● **Supplied data**
--

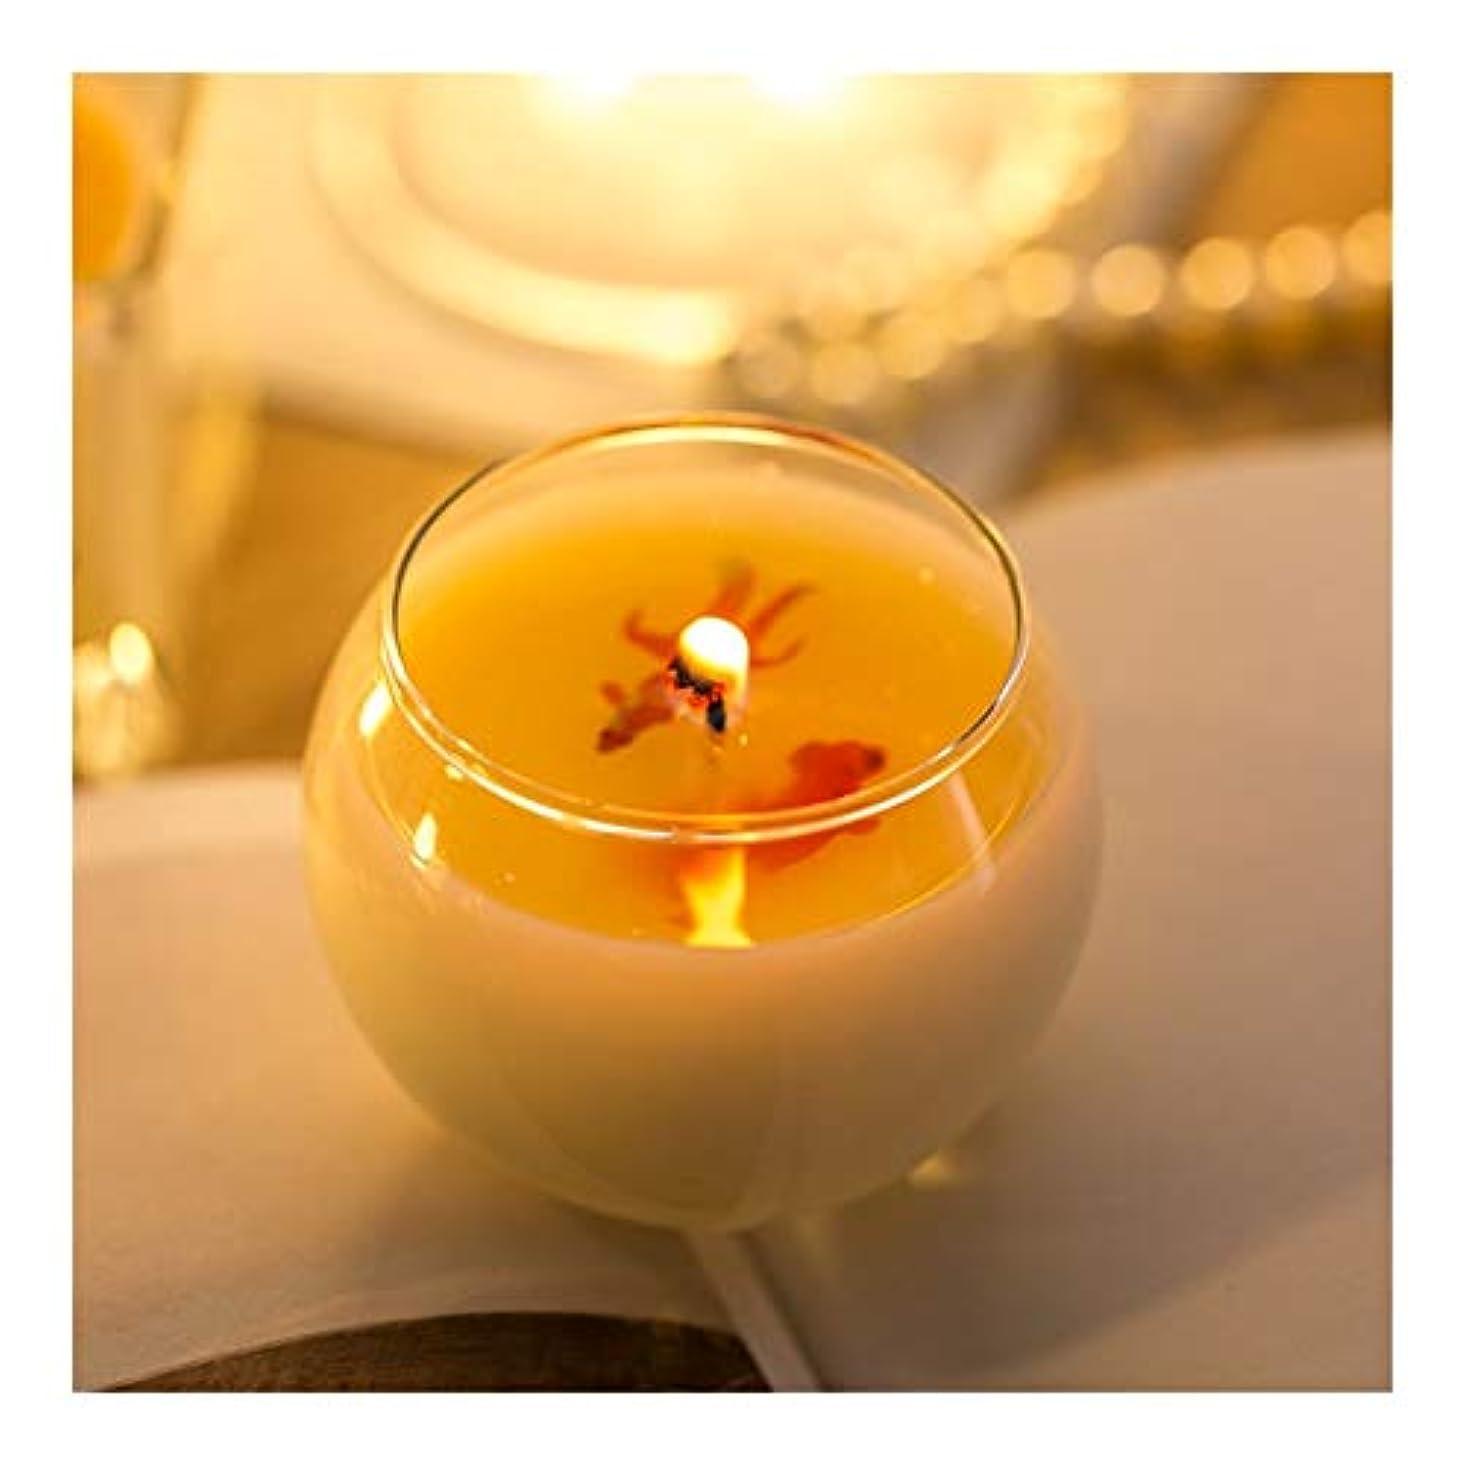 Guomao 小箱入りアロマゴールドフィッシュキャンドルロマンチックホリデーギフトピュアカラーゴールドフィッシュキャンドル (色 : Green tea)
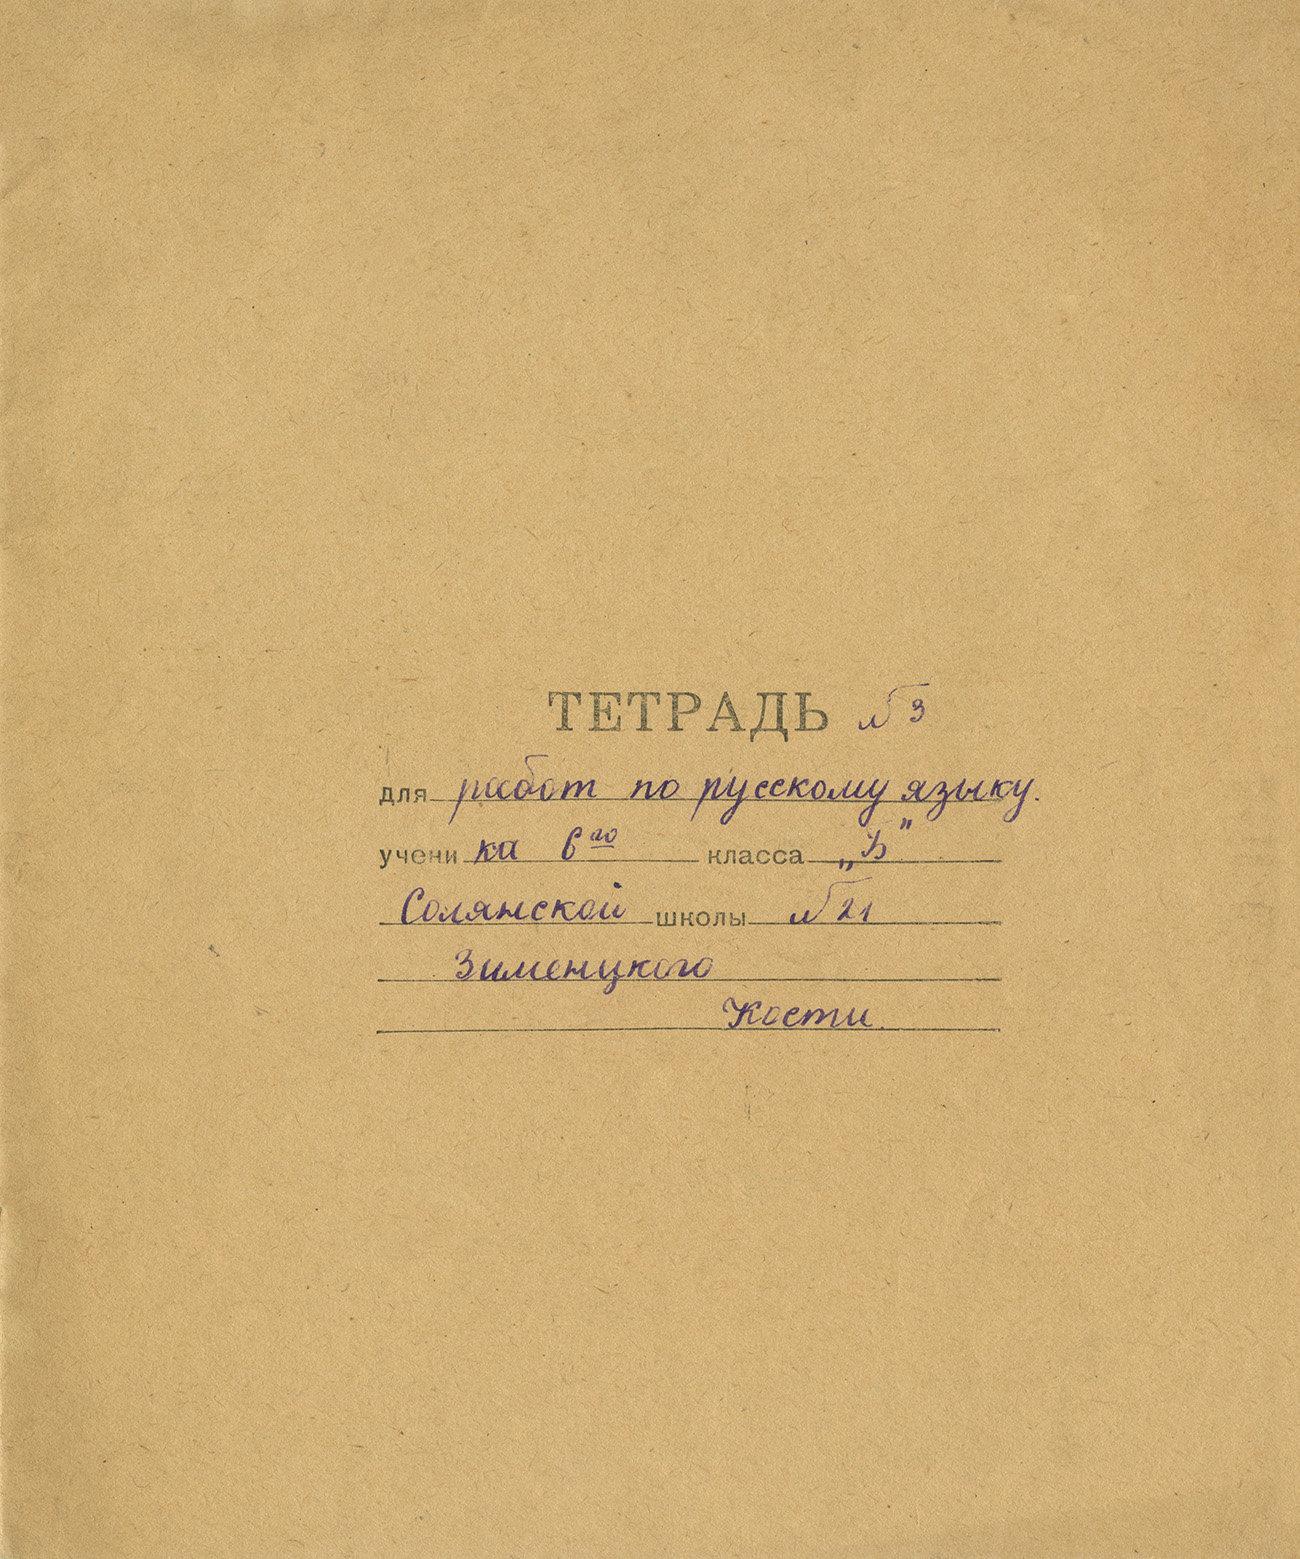 Тетрадь Приволжский СНХ полиграф-комбинат, 1963 г.
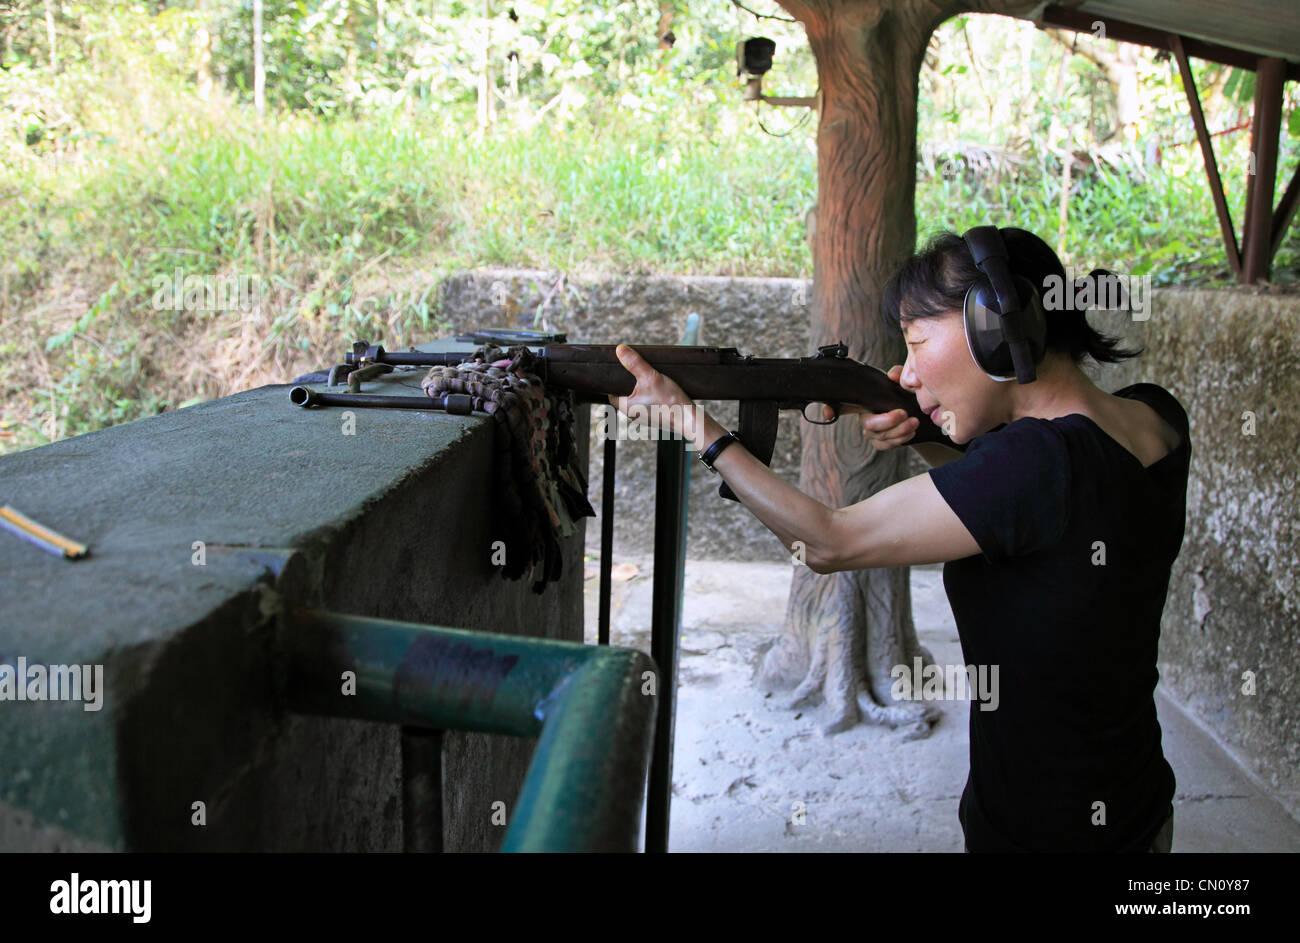 Touristischen Aufnahmen scharfer Munition aus einem Gewehr, Tay Ninh Provinz, Vietnam Stockbild

--

● **Requirement**
Write out the data above exactly as it appears, but without any image.

● **Written response**
 Guomao 小箱入りアロマゴールドフィッシュキャンドルロマンチックホリデーギフトピュアカラーゴールドフィッシュキャンドル (色 : Green tea)
 Тетрадь Приволжский СНХ полиграф-комбинат, 1963 г.
 Touristischen Aufnahmen scharfer Munition aus einem Gewehr, Tay Ninh Provinz, Vietnam Stockbild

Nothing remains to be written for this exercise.